Keen presented a large taxonomy of corporate taxation methods for both domestic and foreign firms and considered the conditions under which the two types of neutrality might be achieved. He concluded that full neutrality can best be achieved by giving parent multi-national corporations (MNCs) full credit for foreign tax payments underlying dividends received from affiliates, while taxing (or subsidizing) new equity injections into affiliates at the same rate.
A number of participants acknowledged that tax neutrality is desirable among EC members, while maintaining that the ability of member states to collect revenue from affiliates in non-member countries must be preserved. Ian Wooton (University of Western Ontario) suggested that the taxation model should also take into account MNCs based outside the Community. John Whalley noted that international tax treaties in general were in disorder and argued for a counterpart to GATT to monitor developments in this field. Riccardo Faini asked whether transfer pricing might enable MNCs to avoid domestic taxation and how this might affect the results. In reply, Keen agreed that it was desirable to take account of external MNCs, but maintained that transfer pricing did not play a significant role since in effect it is intra-company borrowing.

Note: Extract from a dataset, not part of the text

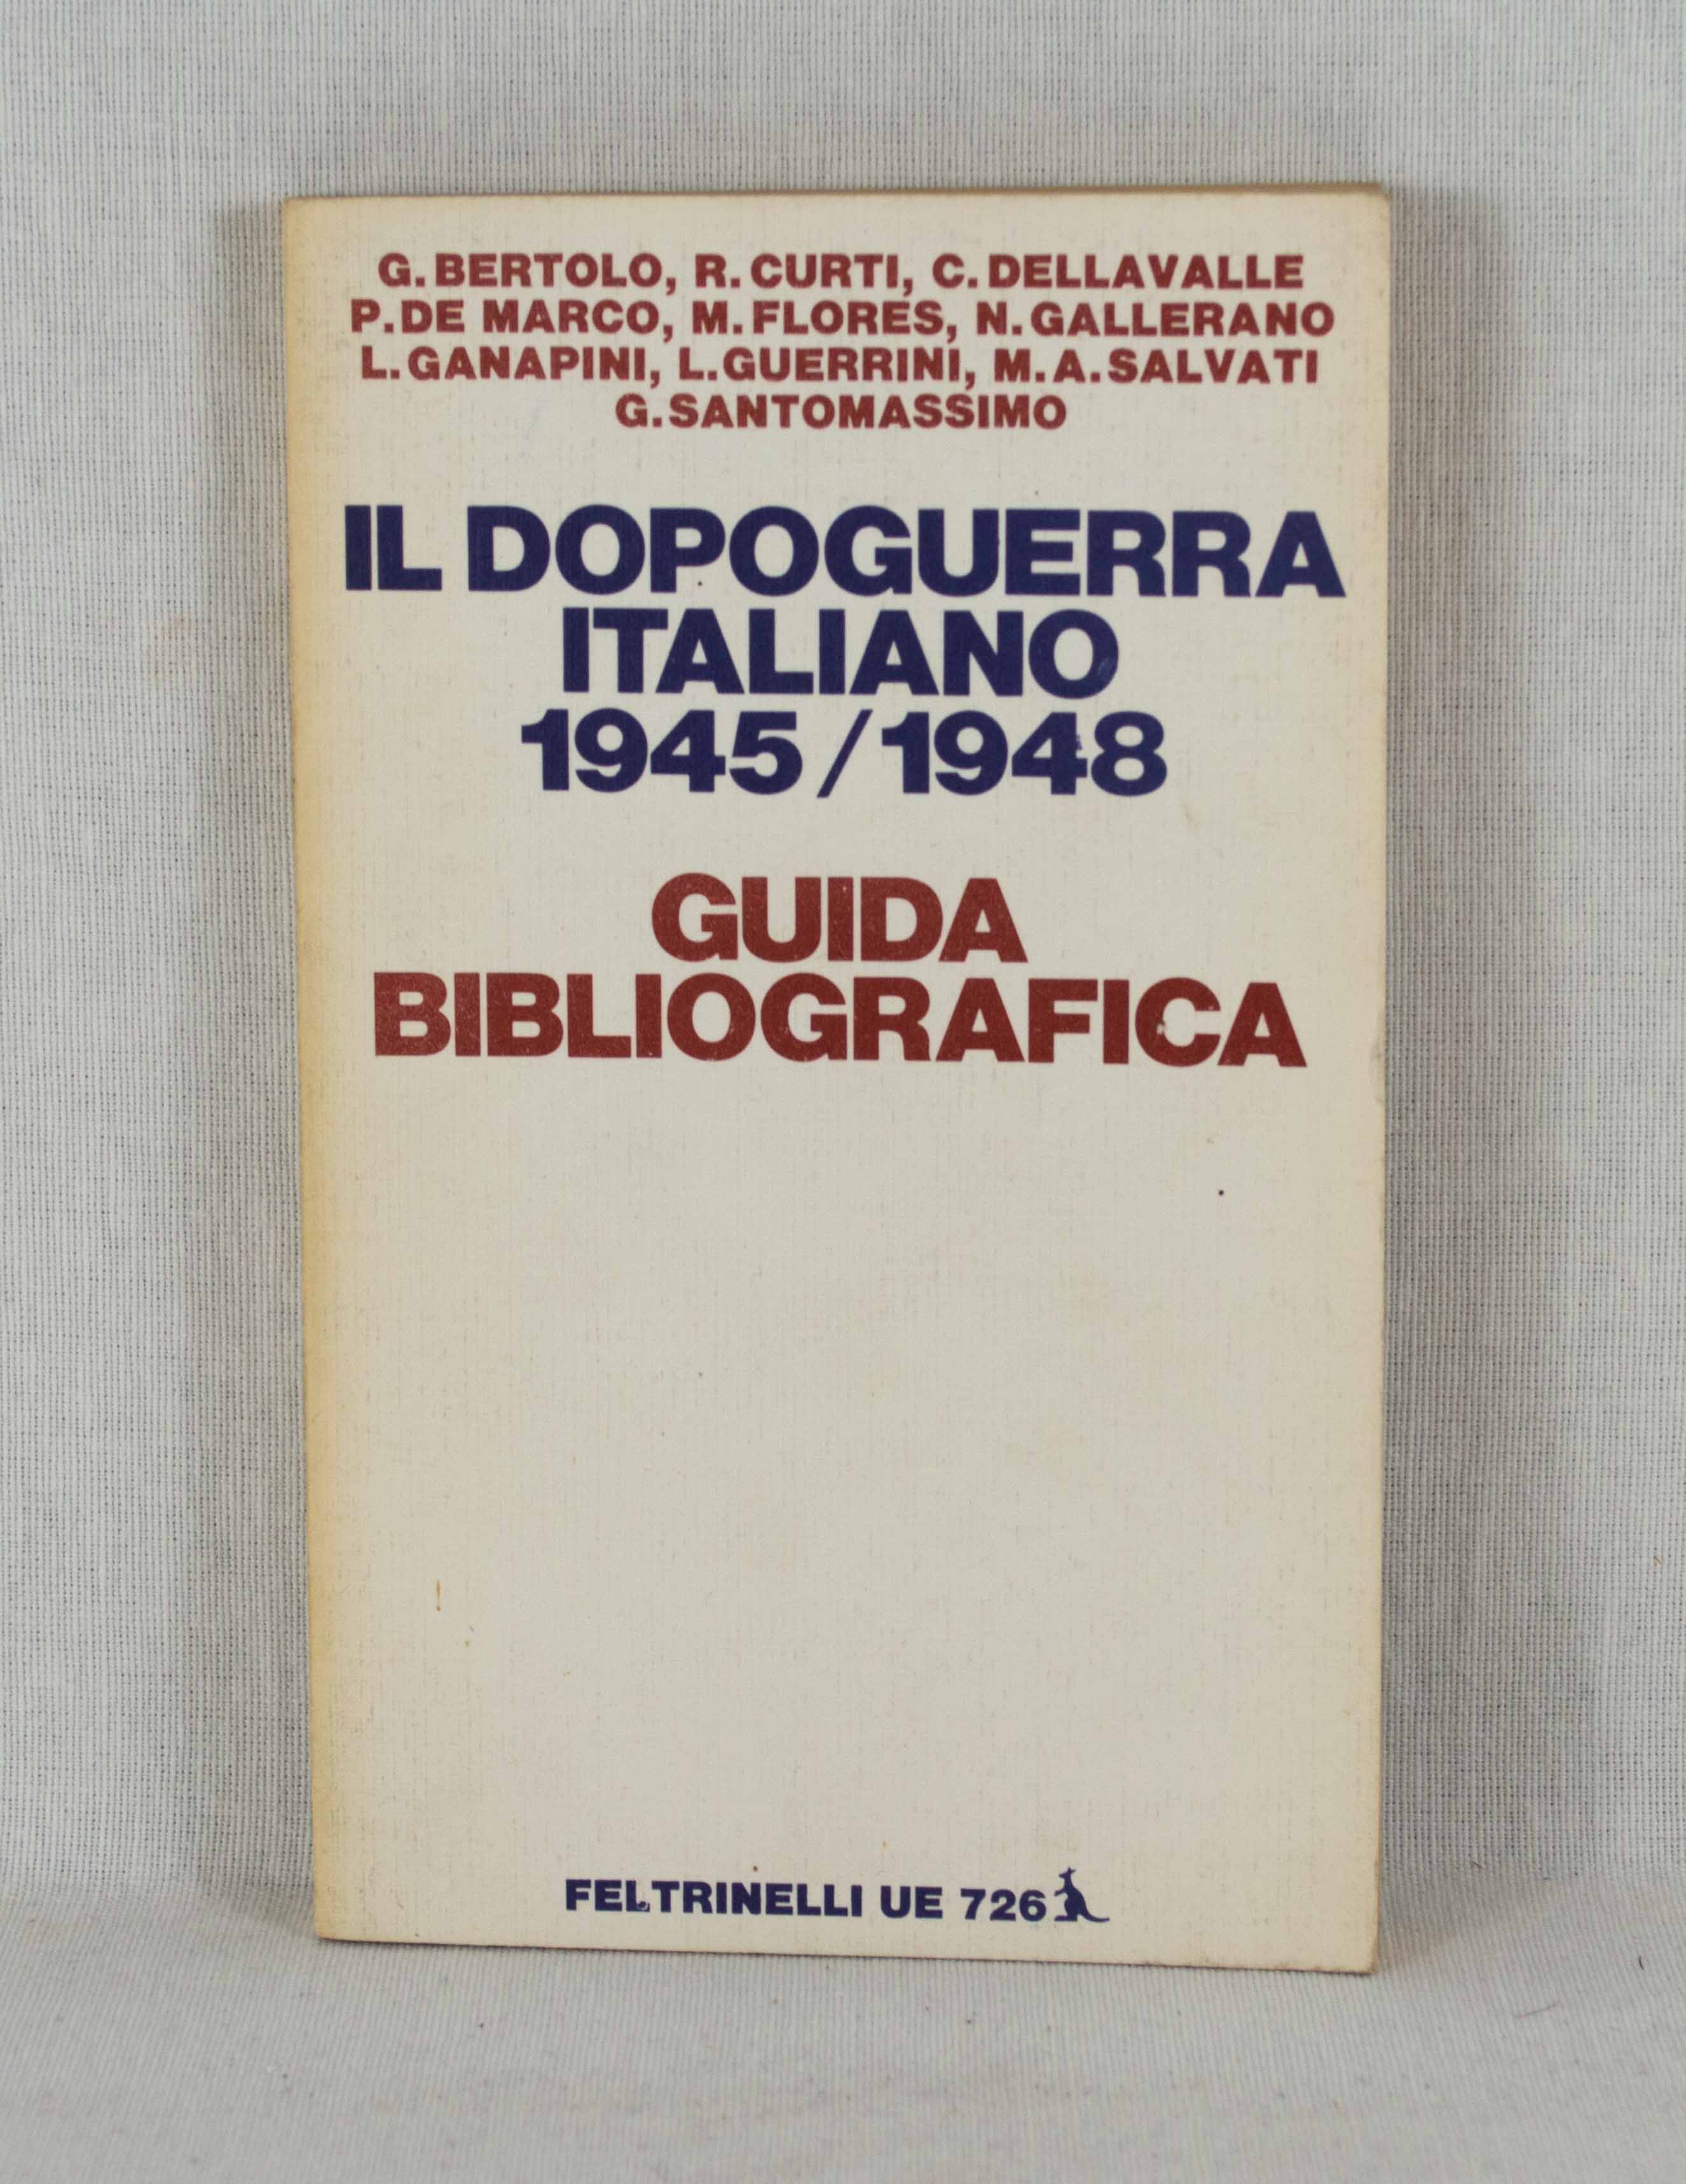 Il dopoguerra italiano 1945/1948: Guida bibliografica. by Bertolo, G ...

Stefano Micossi (Confindustria) and Gianfranco Viesti (Universitŕ Bocconi, Milano) presented a paper on `Japanese Investment in Manufacturing in Europe', in which they considered the disquiet aroused in some EC countries by the high level of Japanese FDI (foreign direct investment), which is often perceived as a means of circumventing EC-Japanese voluntary trade agreements.
Their analysis of the consequences of this investment and the various policy options available to the member states showed that the expected gains to the Community from such investment are likely to be concentrated in the localities in which it occurs, to the disadvantage of other countries. They also found that Japanese FDI in European manufacturing is still relatively small at present, and confined to scale-intensive, mass-production, assembly industries and electronics, but that it is growing rapidly in both scope and magnitude. They concluded that an EC- wide policy on FDI should be a priority not just after 1992 but also in the run-up to it.
Hideki Yamawaki (Wissenschaftszentrum Berlin für Sozialforschung) and John Whalley both noted that a substantial element of Japanese FDI in EC countries was directed towards the establishment of dealer networks and the provision of customer services. Such investment complements trade and should not be regarded as barrier jumping.

The papers presented at this conference will be published in early 1991 in a volume edited by L Alan Winters and Anthony Venables.